Owl-Vit postprocess API bbox conversion

I’m using the following Colab:


In Post-processing model predictions section, is claimed:

Notice how we printed the output predictions on the resized input image. This is because OWL-ViT outputs normalized box coordinates in [cx, cy, w, h]format assuming a fixed input image size. We can use theOwlViTProcessor's convenient post_process() method to convert the model outputs to **a COCO API** format and retrieve rescaled coordinates (with respect to the original image sizes) in[x0, y0, x1, y1] format.

Are you sure the bounding box returned are in COCO API format? From my tests, they seems to be [Xmin, Ymin, Xmax, Ymax], so in Pascal VOC format.


Thanks for raising this point, it’s indeed the (xmin, ymin, xmax, ymax) format, so we can update that.

Will do that today!

Thanks nielsr. Another little question: why sometimes such routine return negative coordinates? What does it means?

Opened a PR here: Update bounding box format everywhere by NielsRogge · Pull Request #27944 · huggingface/transformers · GitHub.

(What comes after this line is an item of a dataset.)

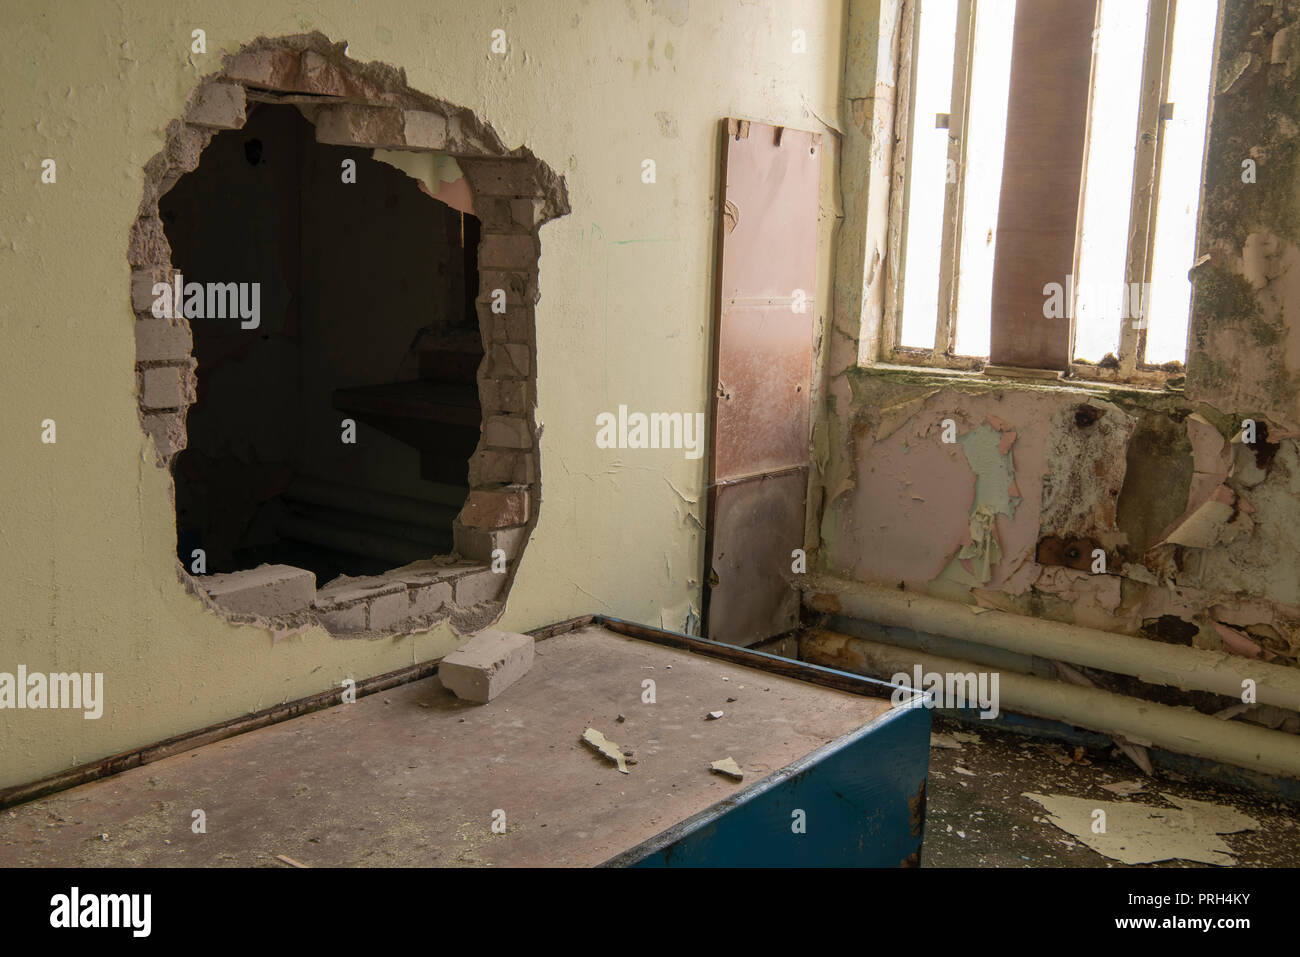 El agujero perforado a través de la pared de la celda de una prisión para una escapada. Foto de stock

That should not be the case, do you have a reproducible code snippet?


I attach the code and image sample. The following are the bounding box retrieved, with the first one having negative coordinates:

Detected crown with confidence 0.319 at location [830.3, -1.3, 1243.46, 228.82]
Detected Christ with confidence 0.27 at location [8.79, 25.36, 1286.45, 1128.44]
Detected crown with confidence 0.209 at location [142.62, 783.75, 363.72, 1042.01]
import numpy as np
from PIL import Image

from transformers import OwlViTProcessor, OwlViTForObjectDetection

model = OwlViTForObjectDetection.from_pretrained("owlvit-large-patch14")
processor = OwlViTProcessor.from_pretrained("owlvit-large-patch14")

import torch

# Use GPU if available
if torch.cuda.is_available():
    device = torch.device("cuda")
    device = torch.device("cpu")

# Text queries to search the image for
text_queries = [["crown","Christ"]]

image_orig = Image.open('SSPSAEPM_FI_25285UC.JPG')

img_tmp = np.asarray(image_orig)

image_rgb = Image.fromarray(np.uint8(img_tmp)).convert("RGB")

images = [image_rgb]

# Process image and text inputs
inputs = processor(text=text_queries, images=image_rgb, return_tensors="pt").to(device)

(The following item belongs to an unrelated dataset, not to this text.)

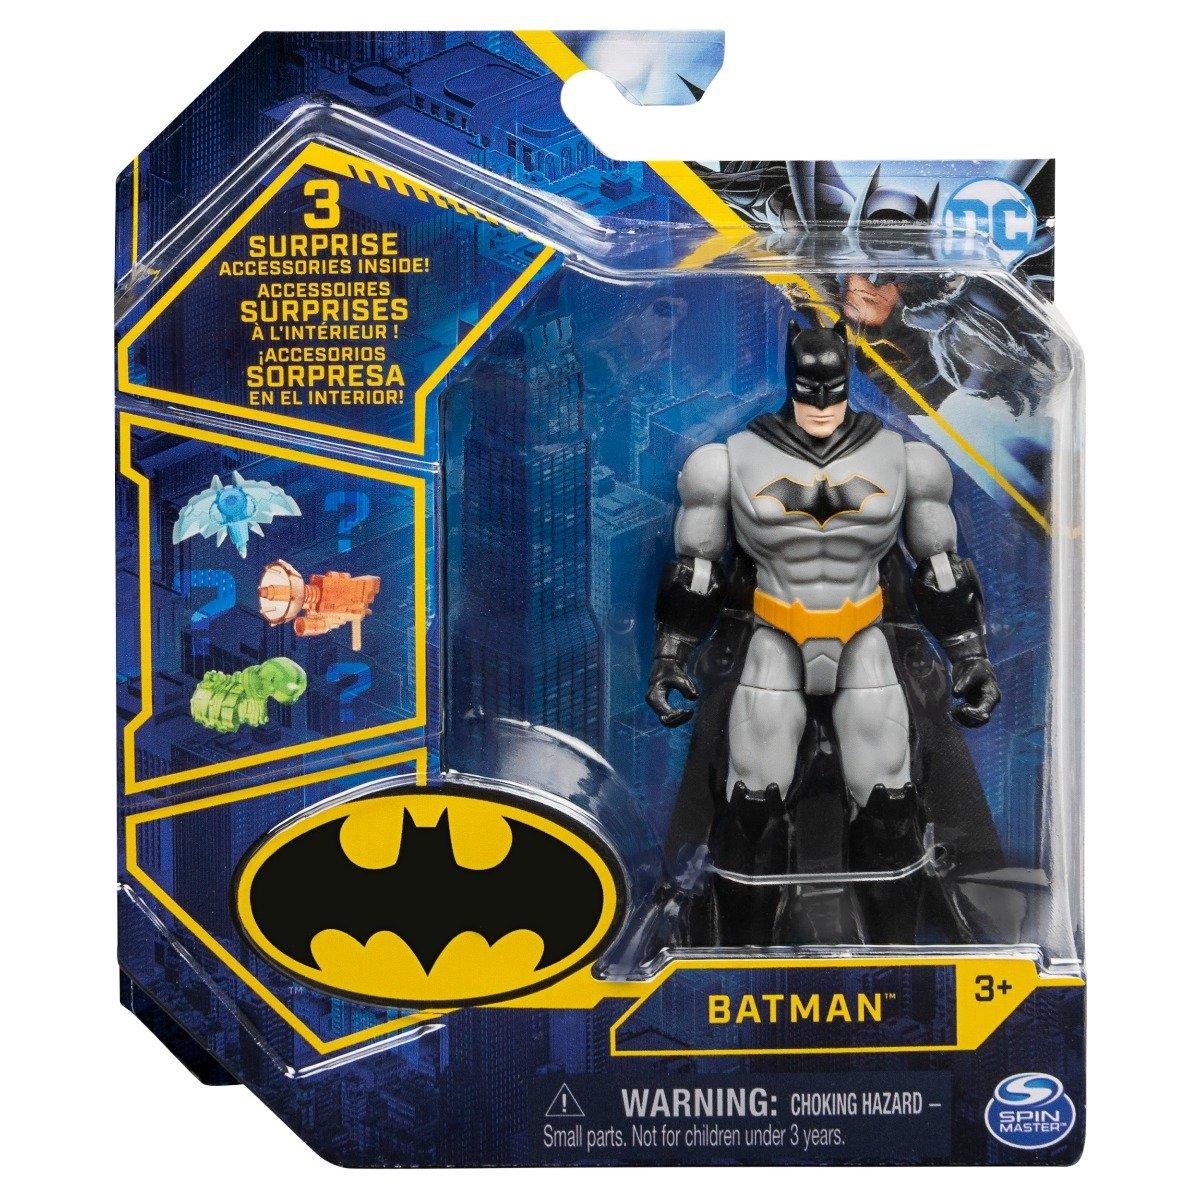 Set Figurina cu accesorii surpriza Batman 20129807

# Print input names and shapes
for key, val in inputs.items():
    print(f"{key}: {val.shape}")

# Set model in evaluation mode
model = model.to(device)

# Get predictions
with torch.no_grad():
  outputs = model(**inputs)

for k, val in outputs.items():
    if k not in {"text_model_output", "vision_model_output"}:
        print(f"{k}: shape of {val.shape}")

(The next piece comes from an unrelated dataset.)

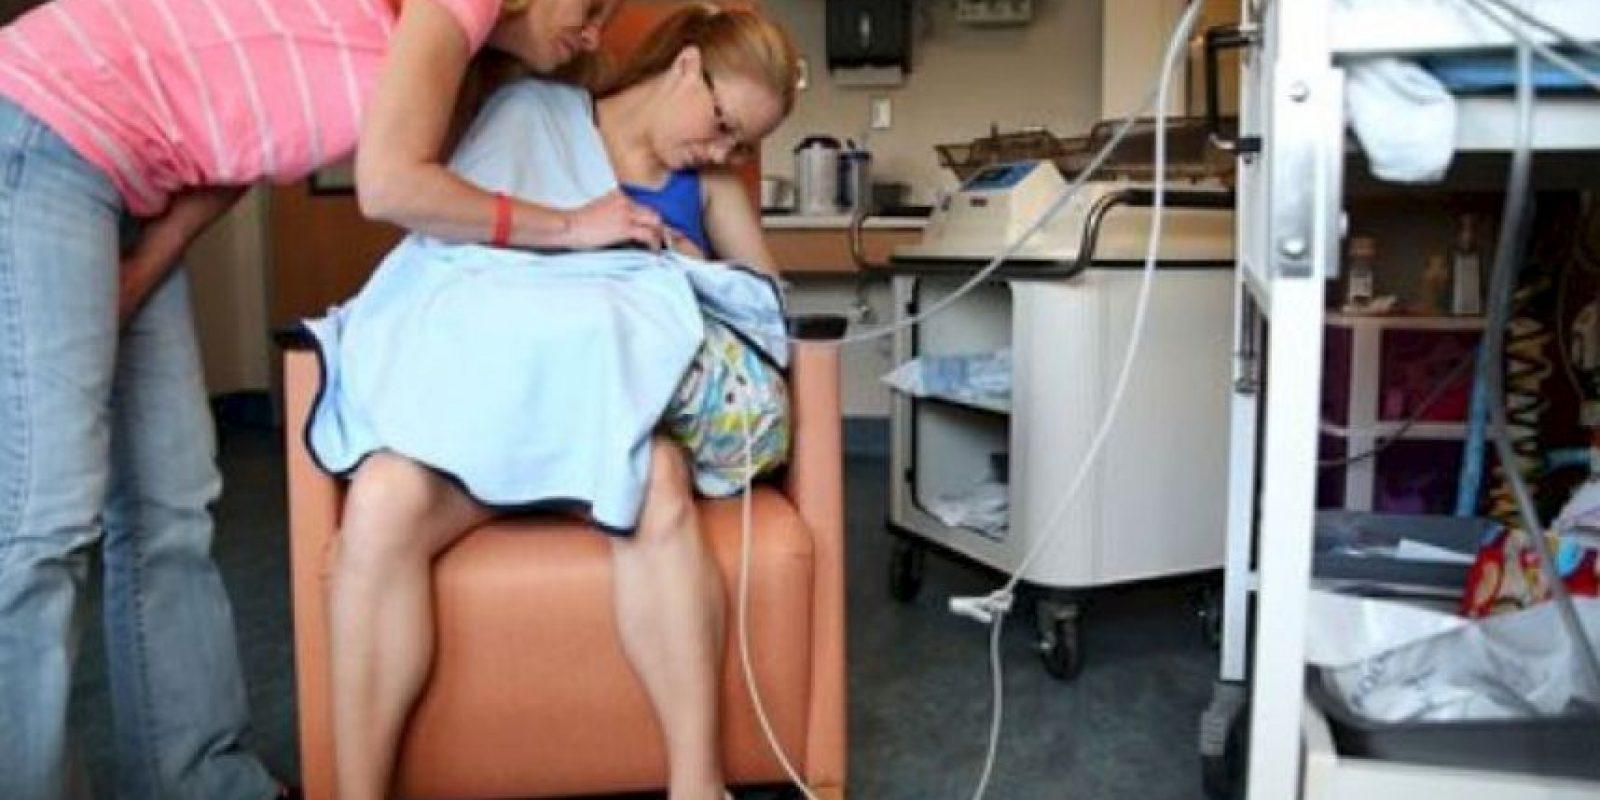 Al niño le hicieron una traqueotomía luego de nacer. Foto:vía AP

print("\nText model outputs")
for k, val in outputs.text_model_output.items():
    print(f"{k}: shape of {val.shape}")

print("\nVision model outputs")
for k, val in outputs.vision_model_output.items():
    print(f"{k}: shape of {val.shape}") 

# Target image sizes (height, width) to rescale box predictions [batch_size, 2]
target_sizes = torch.Tensor([img.size[::-1] for img in images]).to(device)

# Convert outputs (bounding boxes and class logits) to COCO API
results = processor.post_process(outputs=outputs, target_sizes=target_sizes)

# Loop over predictions for each image in the batch
for i in range(len(images)):
    print(f"\nProcessing image {i}")
    text = text_queries[i]
    boxes, scores, labels = results[i]["boxes"], results[i]["scores"], results[i]["labels"]

    score_threshold = 0.20
    for box, score, label in zip(boxes, scores, labels):
        box = [round(i, 2) for i in box.tolist()]

        if score >= score_threshold:
            print(f"Detected {text[label]} with confidence {round(score.item(), 3)} at location {box}")

Thanks in advance.

Any update? Thanks.